The problem:
Repeat the entire listing exactly. Omit all pictures.

Information shown:
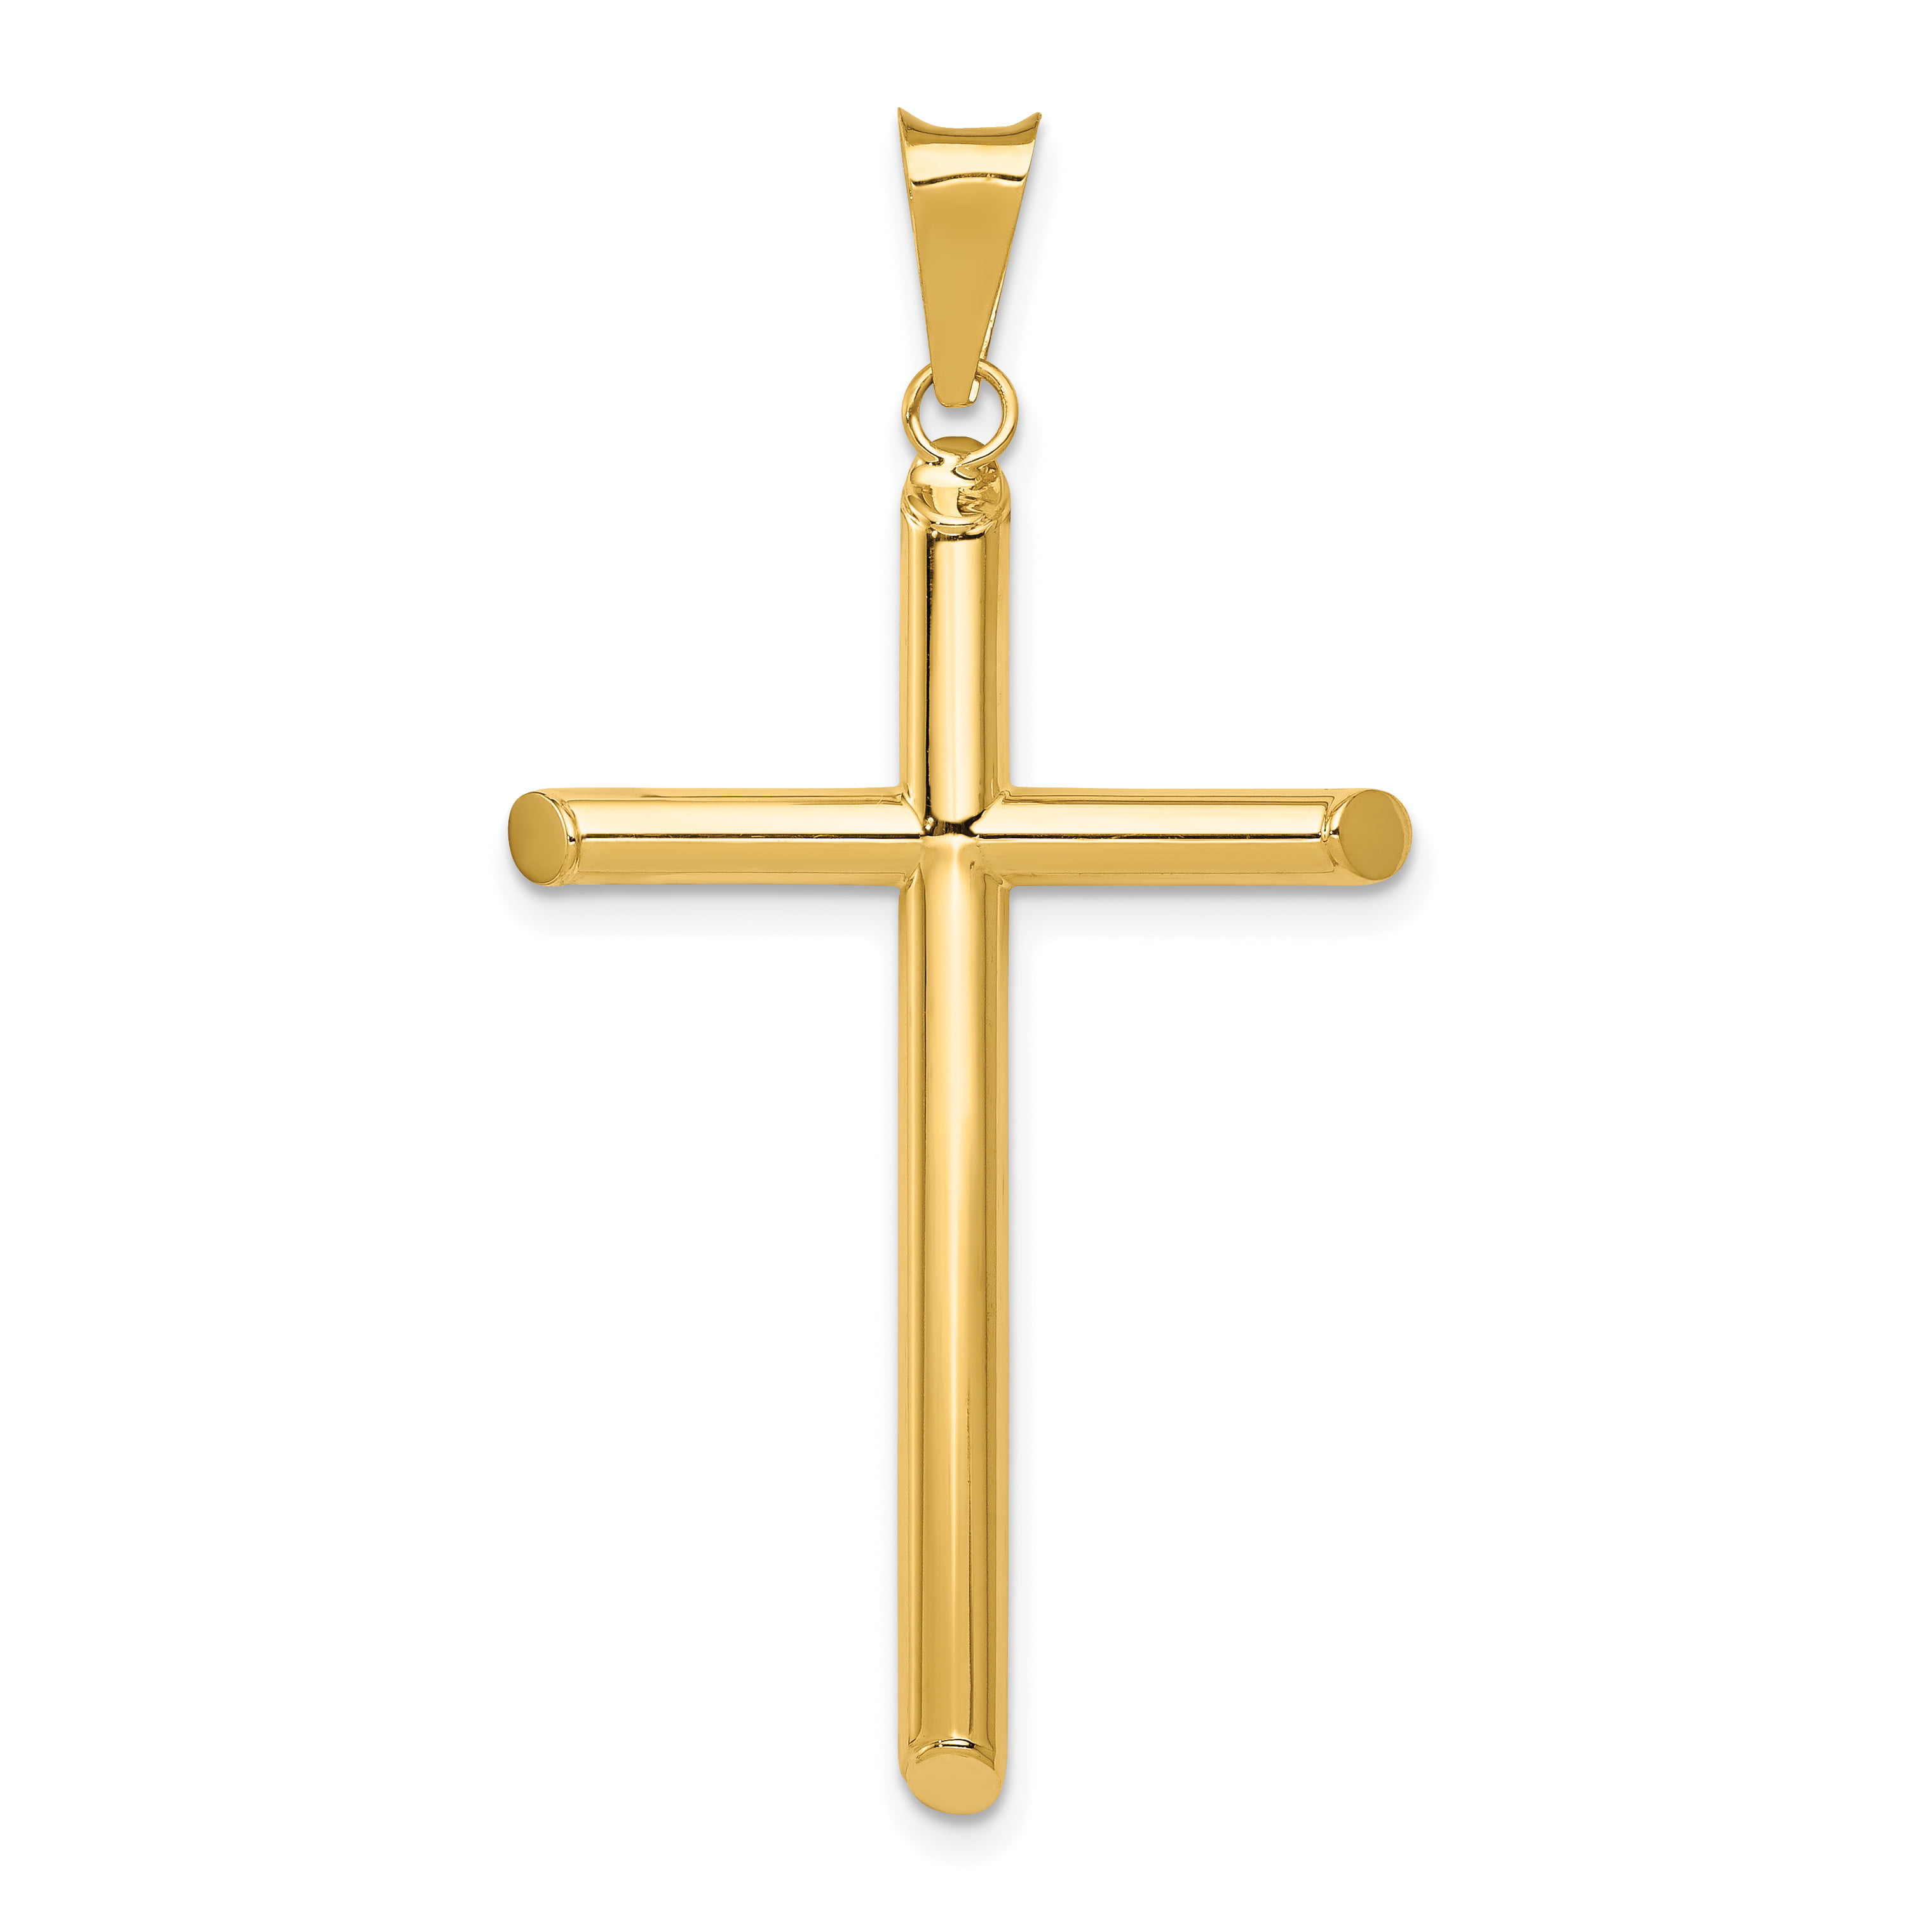 14k Yellow Gold Tube Cross Religious Pendant Charm Necklace Fine Jewelry Gifts For Women For Her 
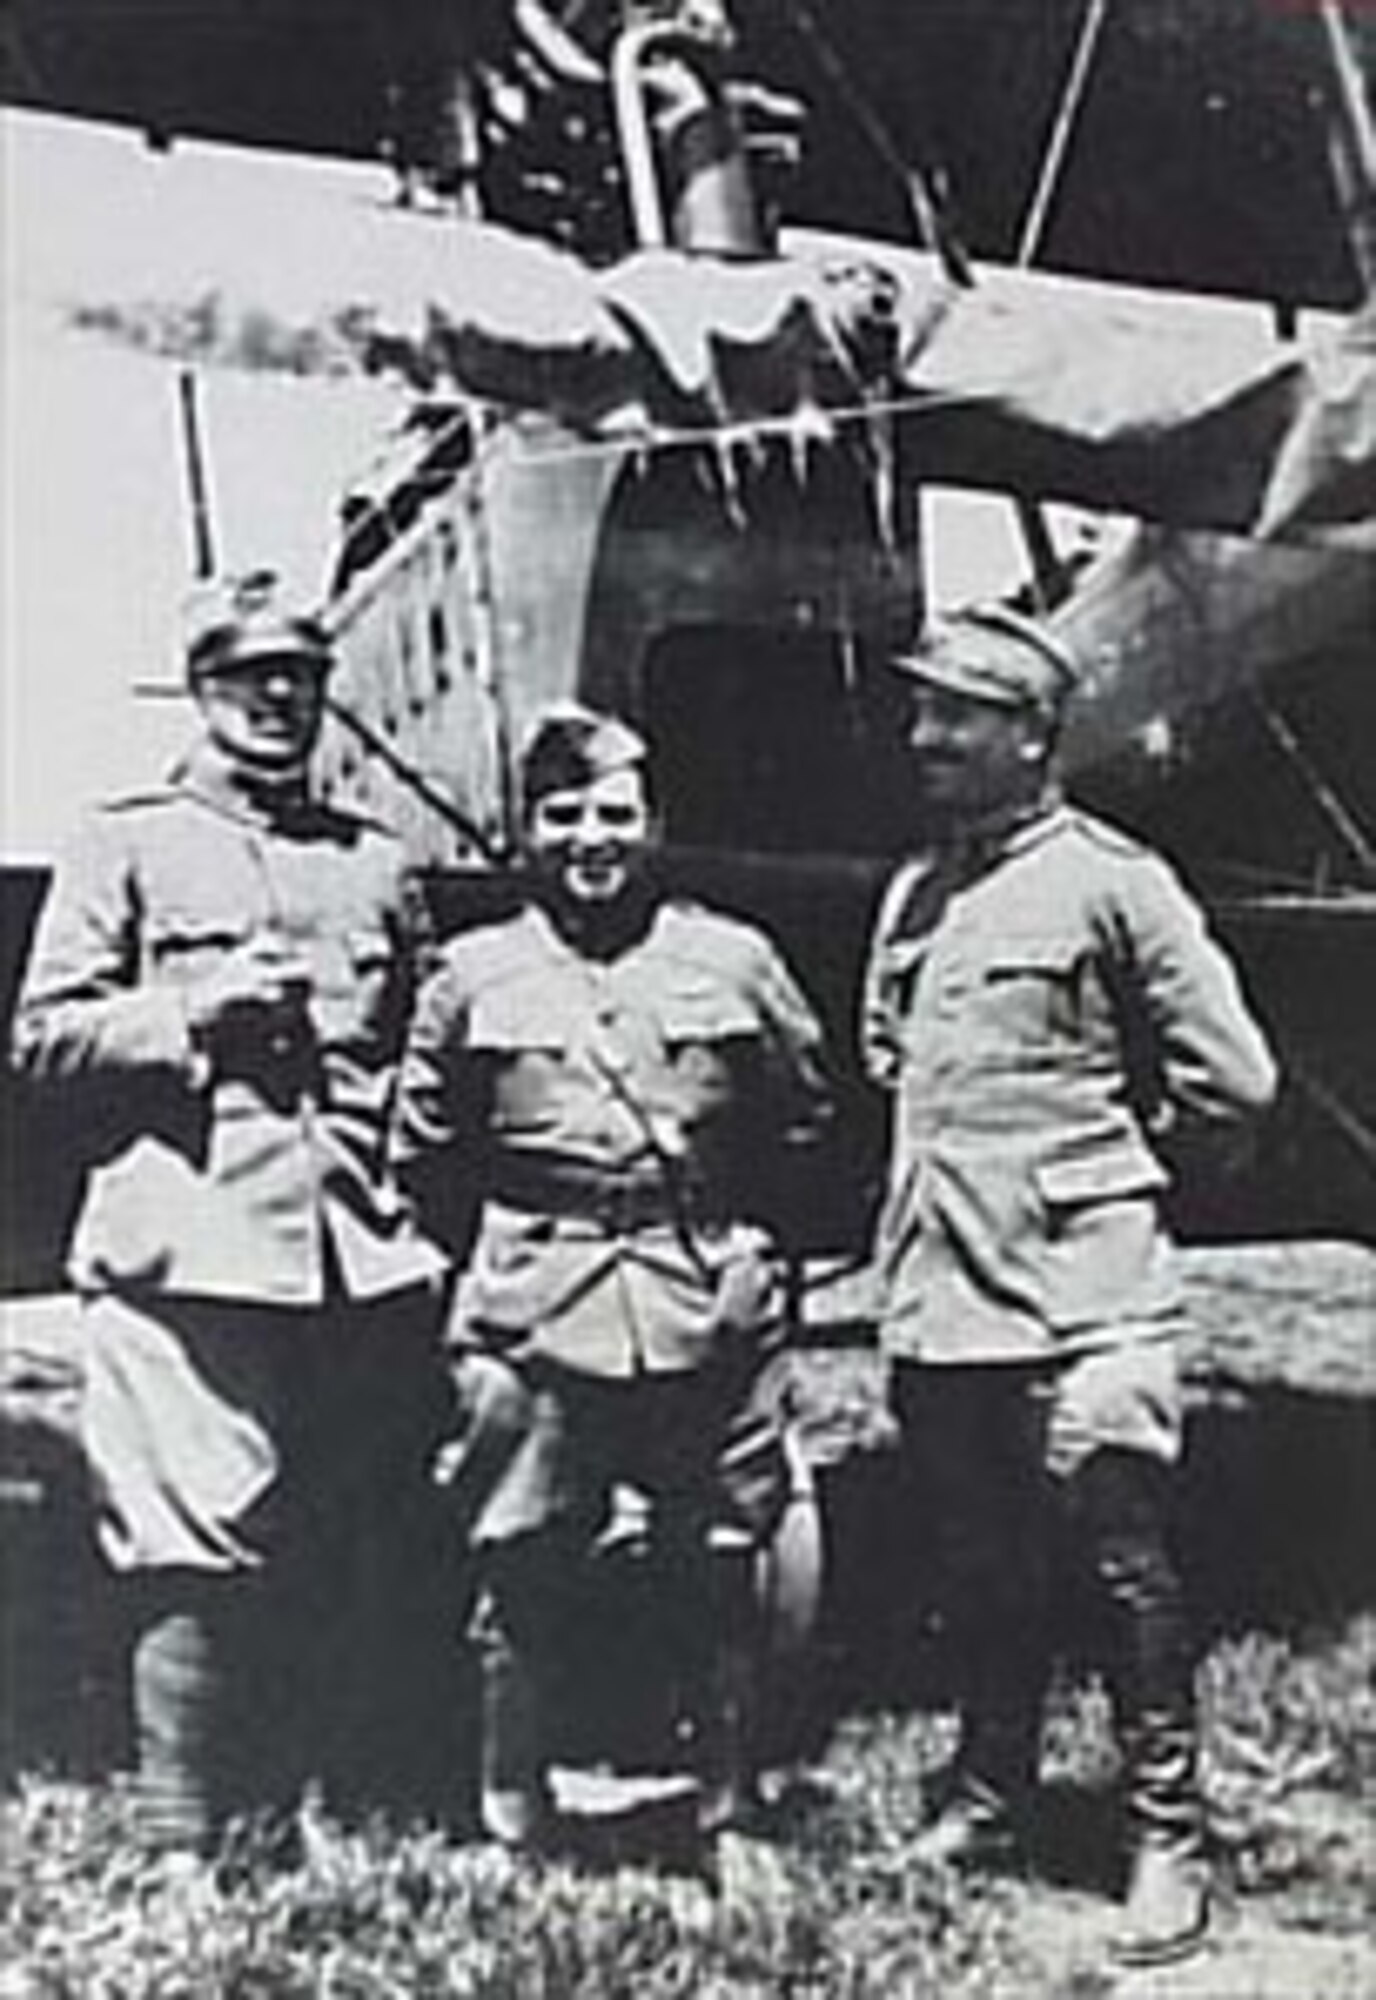 Maj. Fiorello H. La Guardia, standing between two Italian officers, was in command of U.S. Air Service personnel in Italy. La Guardia later gained fame as the mayor of New York City from 1933-1945. (U.S. Air Force photo)
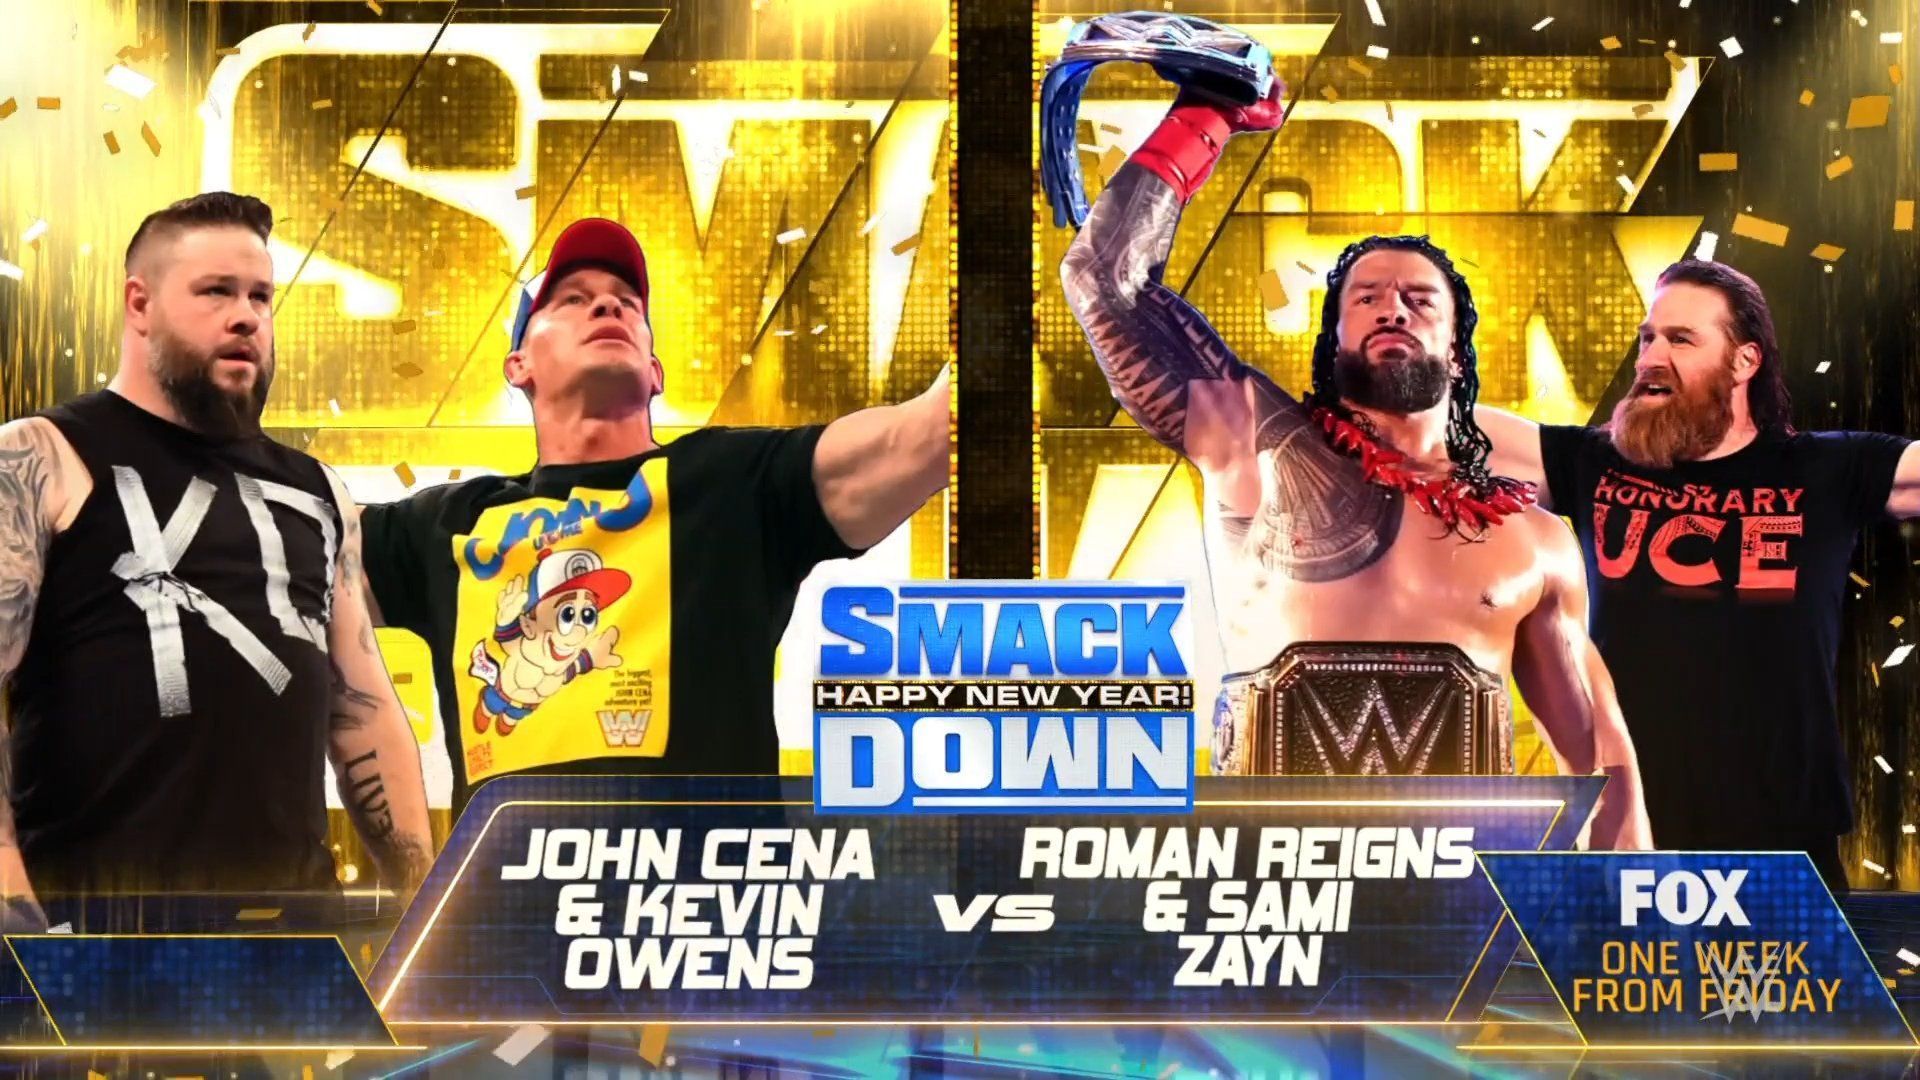 John Cena will take part in a mega main event match this Friday!

Result:
 14k Yellow Gold Tube Cross Religious Pendant Charm Necklace Fine Jewelry Gifts For Women For Her 
 Maj. Fiorello H. La Guardia, standing between two Italian officers, was in command of U.S. Air Service personnel in Italy. La Guardia later gained fame as the mayor of New York City from 1933-1945. (U.S. Air Force photo)
 John Cena will take part in a mega main event match this Friday!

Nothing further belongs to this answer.